* **The input**:

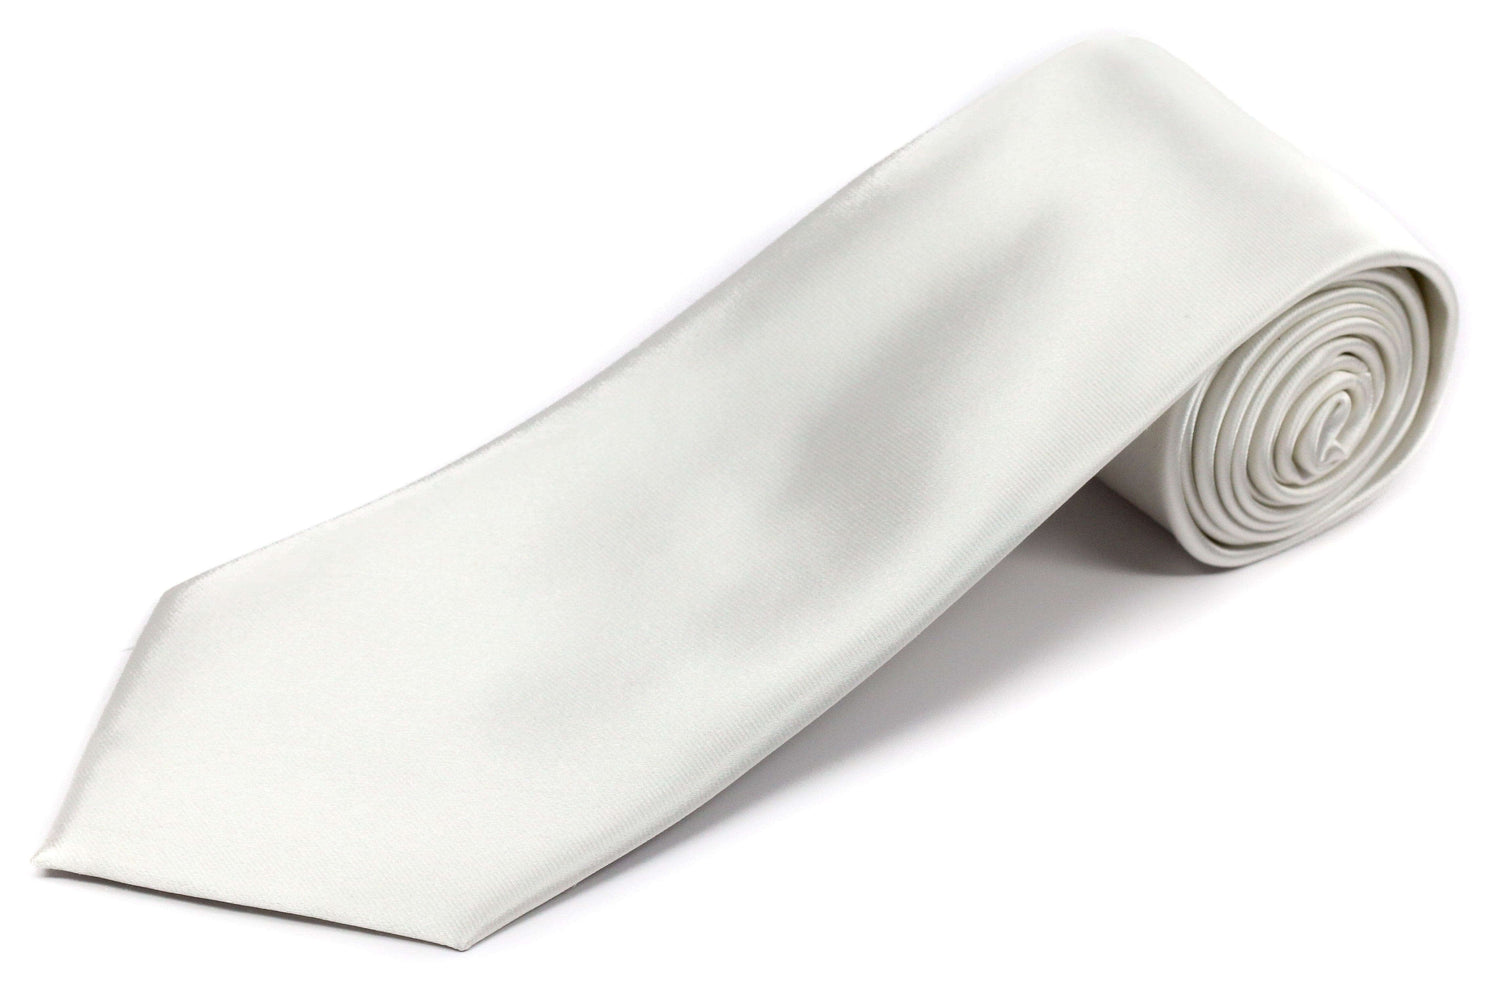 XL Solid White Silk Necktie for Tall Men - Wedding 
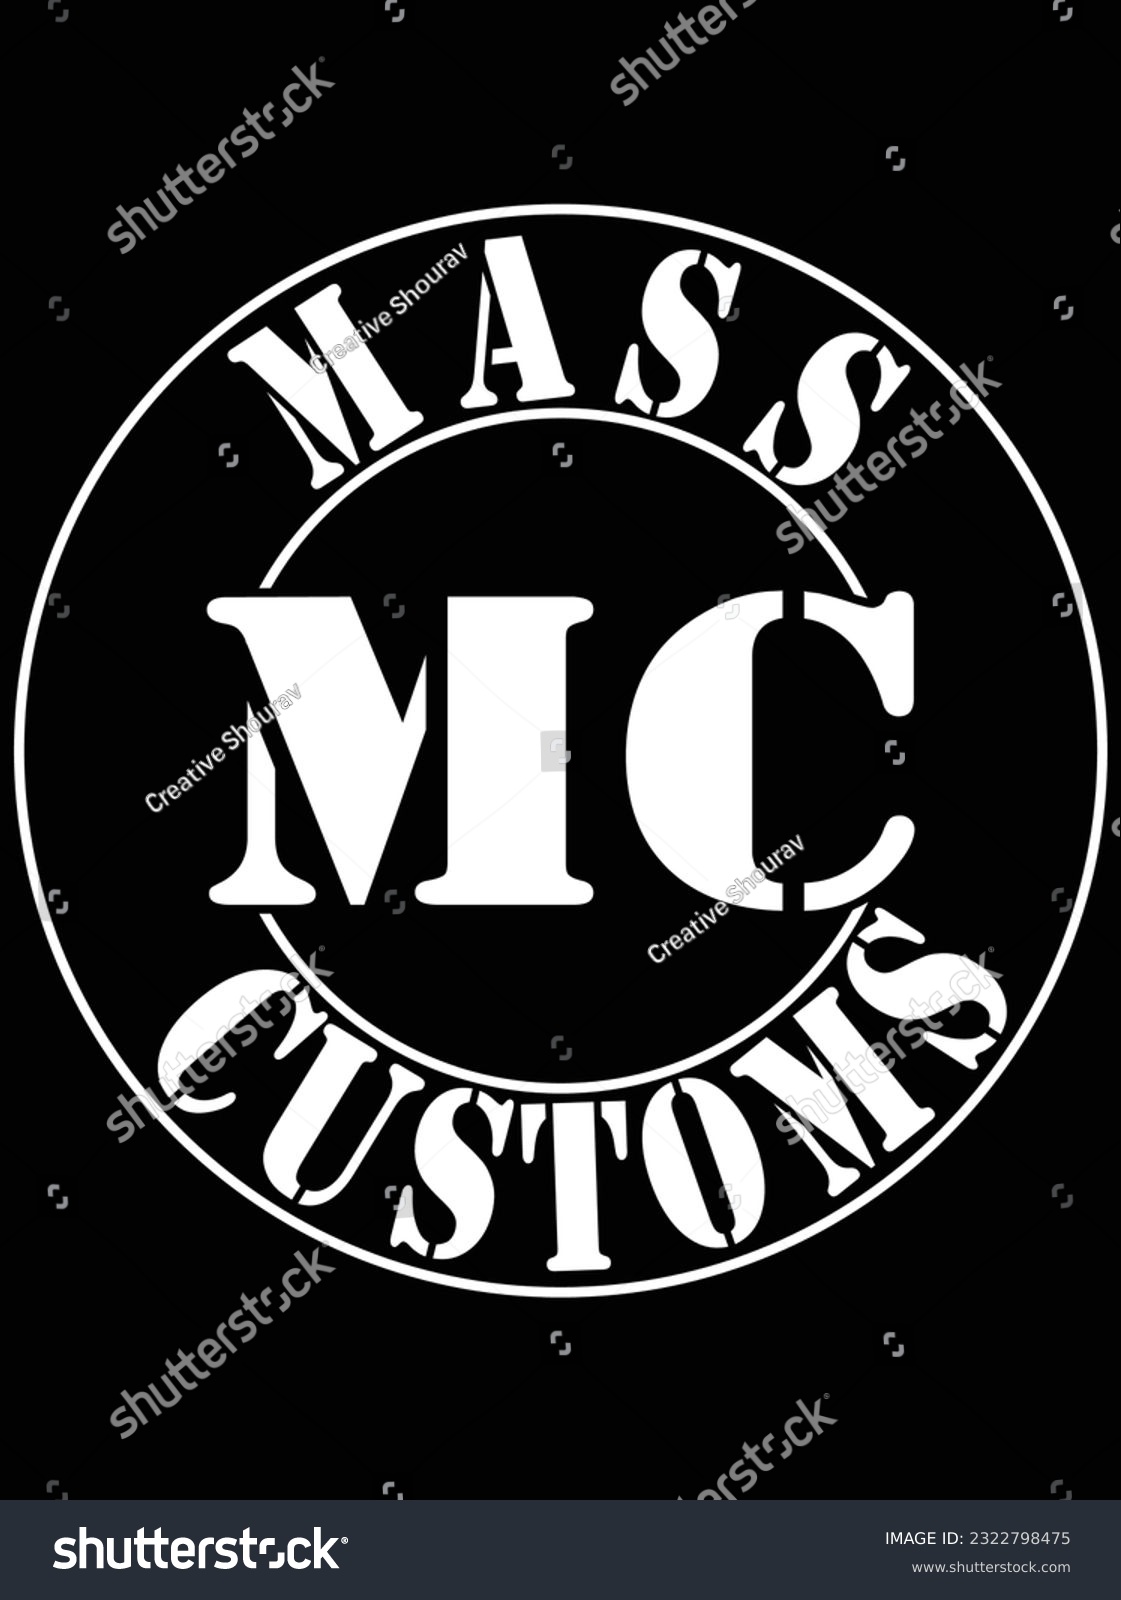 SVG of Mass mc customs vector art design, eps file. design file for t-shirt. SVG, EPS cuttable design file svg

---

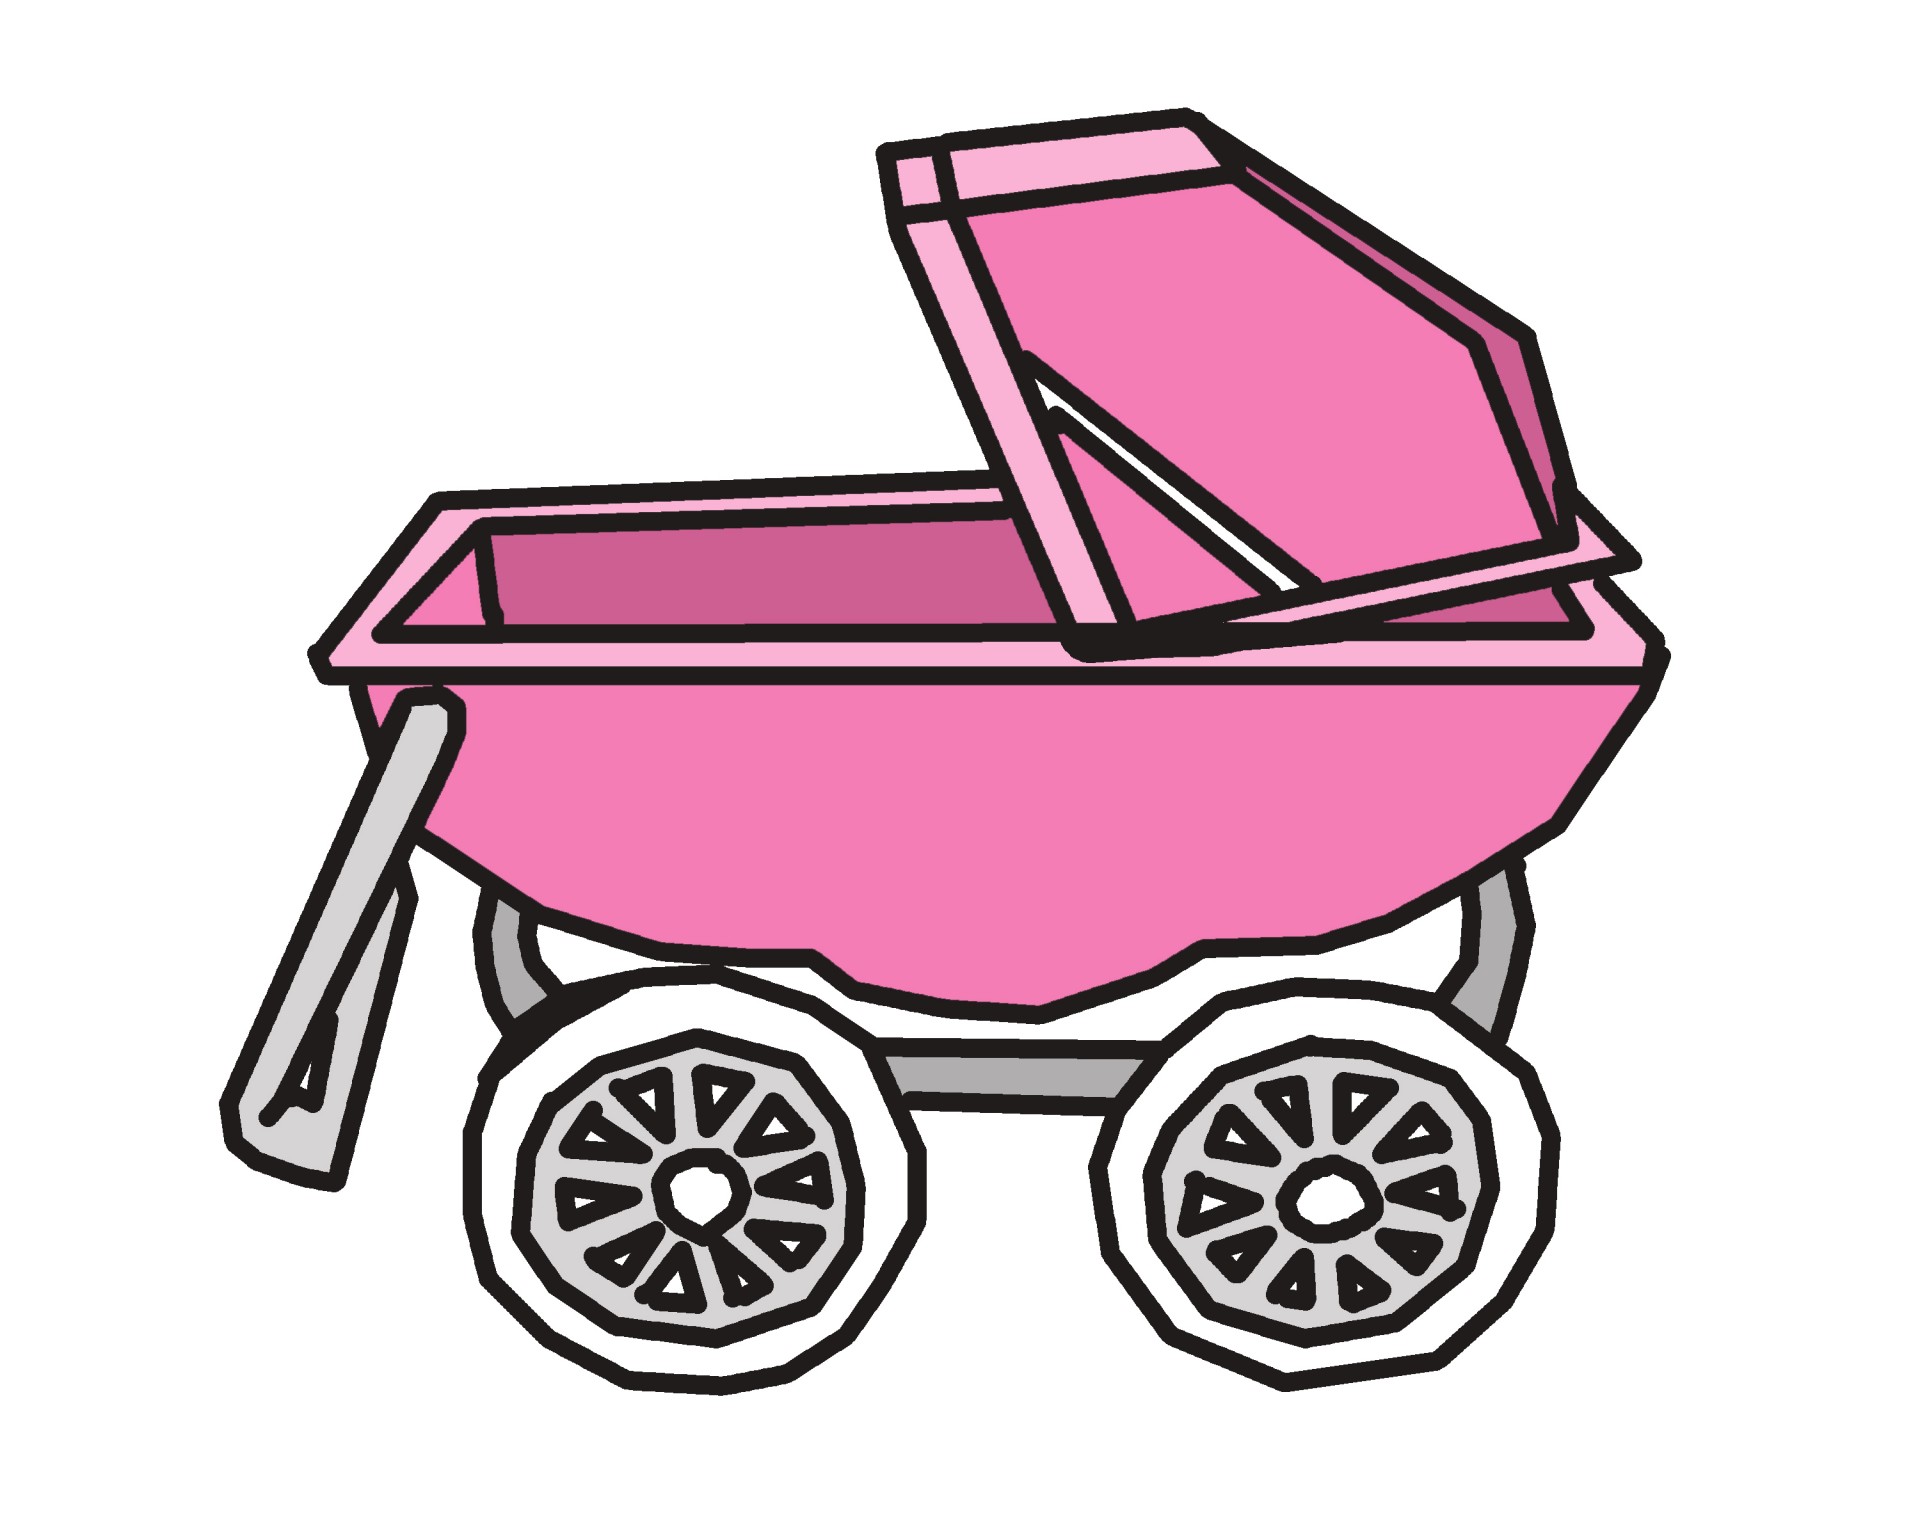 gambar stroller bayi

==

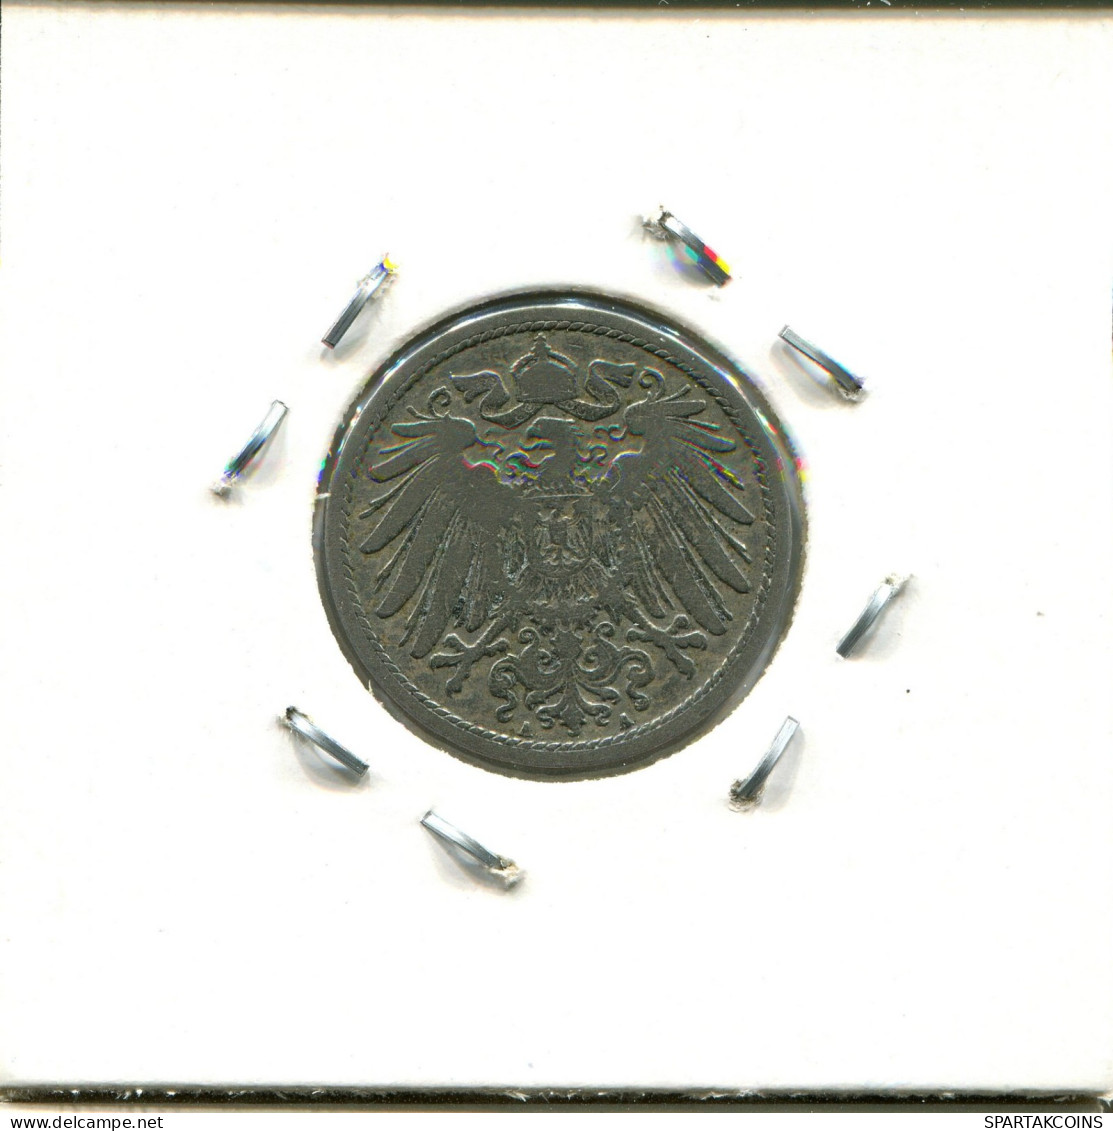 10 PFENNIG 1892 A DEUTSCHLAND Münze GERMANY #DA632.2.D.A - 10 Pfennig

* **Task to complete**: Look above for the line with "XL Solid White" and the line with "SVG of Mass", then copy exactly the lines from the first through the second, both kept, with no pictures.

* **Result**:
 XL Solid White Silk Necktie for Tall Men - Wedding 
 SVG of Mass mc customs vector art design, eps file. design file for t-shirt. SVG, EPS cuttable design file svg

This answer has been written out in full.